判断の要旨  1 組合が令和5年11月26日に申し入れた団体交渉の開催日を令和6年2月17日とし、同日の団体交渉(以下「6.2.17団体交渉」)で「その他支給」(旅費・宿泊費)(以下、単に「その他支給」と表記)は労働基準法第11条に規定する賃金ではないと説明したことについて(争点1)

(1)団体交渉が行われた令和6年2月17日という期日は、令和5年11月26日付け団体交渉申込書により組合の希望した範囲内の期日(「12月23日(土)10時、あるいは労使の都合のよい2か月以内の日時」)から著しく遅れたとまではいえず、また、組合が異議を述べたり早期の開催を要請したとの主張及び証拠もない。

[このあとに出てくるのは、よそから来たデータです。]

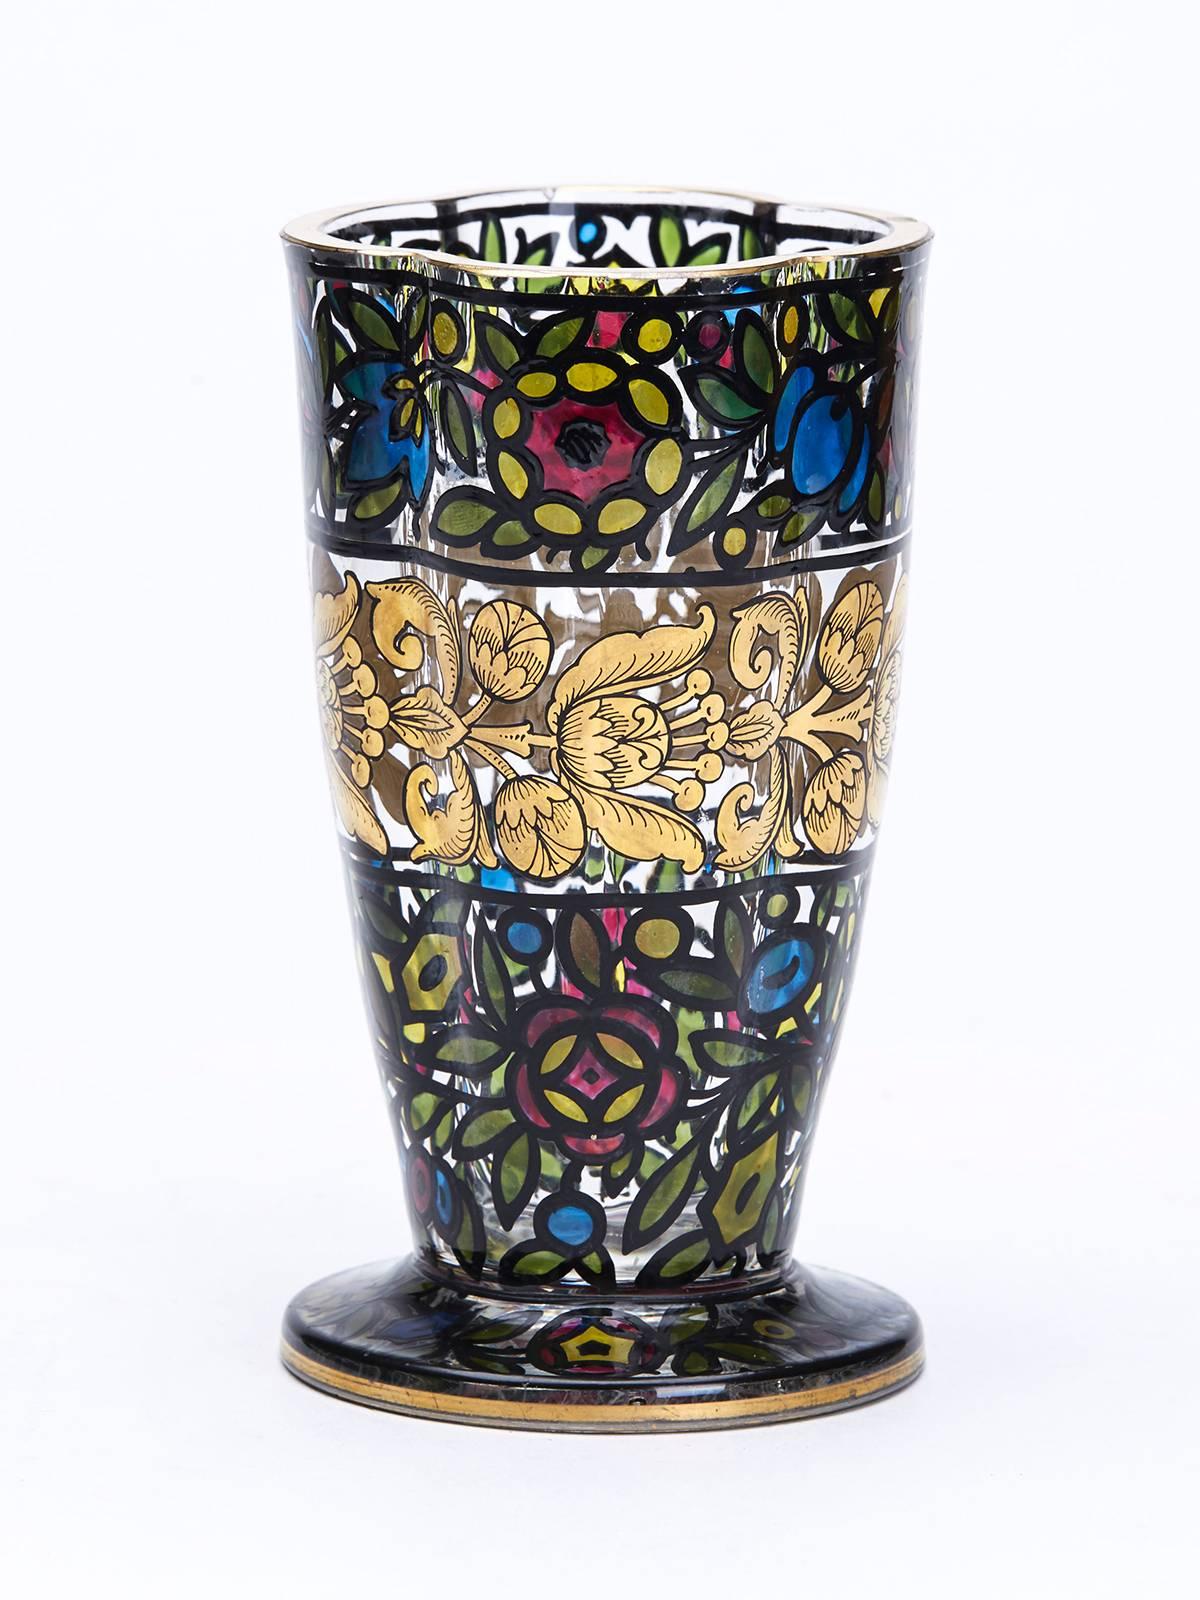 A superb Art Nouveau Bohemian art glass vase by Julius Mulhaus & Co, Haida. The thickly made shaped rounded glass vase is decorated in a stained glass window style with floral designs picked our in translucent colors within a black outline with an

(2)会社は、6.2.17団体交渉で、「その他支給」について、労働基準法第11条に規定する賃金ではないと説明している。
 使用者は、団体交渉において、労働組合の要求や主張に対し、その具体性や追求の程度に応じた回答や主張を行い、合意達成の可能性を模索する義務(誠実交渉義務)があるが、団体交渉において使用者が労働組合と異なる事実認識や見解を明らかにしたからといって、使用者があえて虚偽の発言をして合意の達成を妨げようとしたものとして、直ちに不当労働行為が成立するわけではない。
 組合は、「『その他支給』は労働基準法第11条に規定する賃金ではないとの6.2.17団体交渉における会社の説明が、合意達成の回避を目的とした虚偽であり、誠実交渉義務に違反する」旨主張するので、以下検討する。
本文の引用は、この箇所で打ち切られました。